Me refiero a España.
Primero, aclaremos qué se entiende por ‘súbdito’. Es el que está sujeto a la autoridad de un superior, con la obligación de obedecerle.
Maticemos. Por ejemplo, los bomberos obedecen a sus superiores y no son súbditos. La lógica de la actuación del cuerpo de bomberos lo evidencia. Si les anuncian un fuego en un edificio, no se van a poner a discutir y a votar. Lo más importante es salir pitando para apagar el fuego. Y se supone que los ‘superiores jerárquicos’ tiene más experiencia y, por ello, es razonable y exigible, que sigan sus instrucciones en este trabajo específico.
El caso problemático no es el de los bomberos sino el de la política. Ahí podemos preguntar si está justificado que, en un sistema político democrático, la gente actúe como los bomberos. Es decir, a las órdenes de sus ‘superiores’ que serían los políticos. ¿Es esto coherente con el funcionamiento normal de un sistema político democrático? No.
A diferencia del súbdito, que está sujeto a la autoridad de un superior al que debe obedecer, ser ciudadano implica ‘participación’, no obediencia o sumisión.
¿Qué significa ‘participación? Tomar parte. Tenemos que matizar otra vez. Hay varias maneras de ‘participar’. Se puede participar como un borrico de dos patas. Ejemplo. El cantante Miguel Rios, dijo: ‘Votaré al PSOE, haga lo que haga’.
¿Puede una democracia funcionar correctamente, si los que participan, participan como el cantante M. Ríos. Es decir, participar (‘votar’) sin saber lo que se vota. Además, me da igual.
Aunque hay diversas formas de participación, me limitaré a la participación en el sentido de Robert Dhal.
Dahl dice que la participación efectiva es crucial para que la democracia funcione correctamente, y que es necesario garantizar que las personas tengan acceso a información relevante, la capacidad de expresar sus opiniones y preocupaciones, y que se les escuche y se tenga en cuenta sus intereses y perspectivas.

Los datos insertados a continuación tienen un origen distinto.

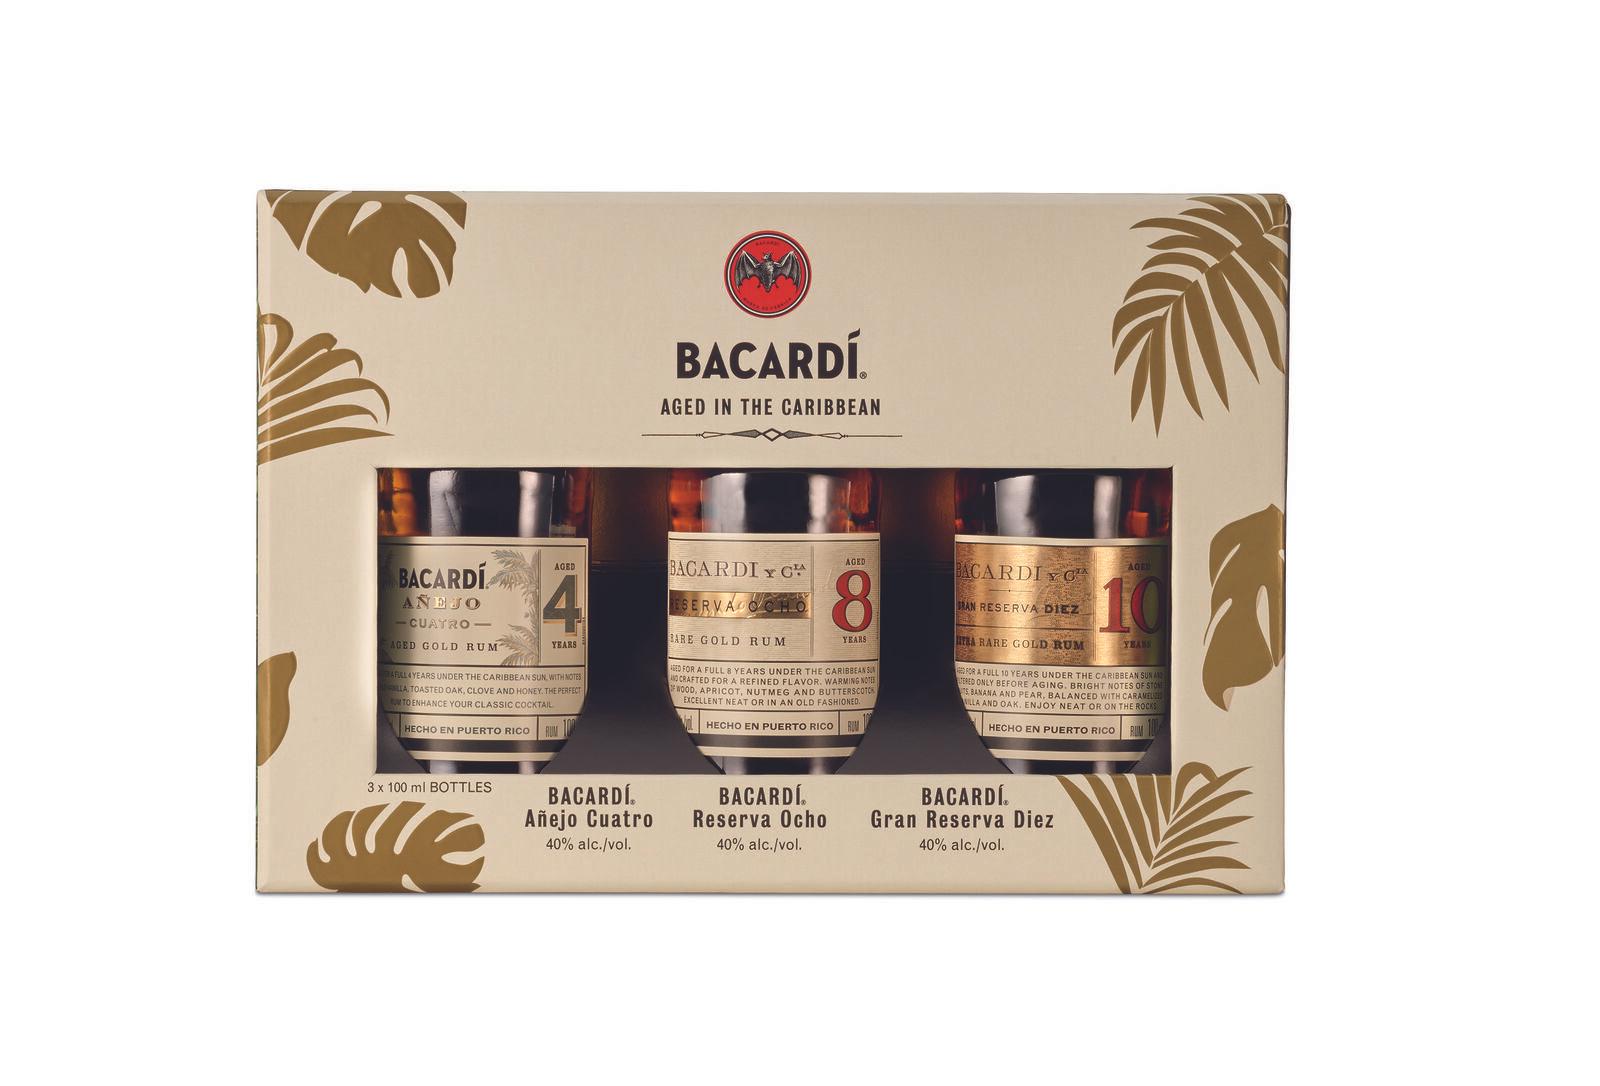 BACARDI Premium Discovery Pack (Cuatro, Ocho, Diez Miniaturen 3x 10cl 40% Vol)

Esta, digamos, es la participación ideal. A partir de ahí, hay una escalera de niveles participativos reales. Pero una cosa es que un ciudadano tenga un conocimiento parcial de los problemas que va a votar, y otra cosa es que alguien afirme que votará a X, haga lo que haga. Es la negación de la participación democrática. Y con esto vuelvo al principio.
En España, 2026, hay equis número de personas que se comportan como ‘súbditos’, y otro tanto por ciento de personas que se comportan como ciudadanos. Reales, no ideales.
Sugiero que, en una sociedad democrática, si el número de ‘súbditos’ es superior al número de ‘ciudadanos’, la democracia real, o es de muy bajo nivel, o no merece llamarse ‘democracia’. Es como tener un coche, pero muy cascado.
Creo que esta es la ‘democracia’ (si lo es) que tenemos en España. Si es así ¿Por qué siguen votando al gobierno socialista?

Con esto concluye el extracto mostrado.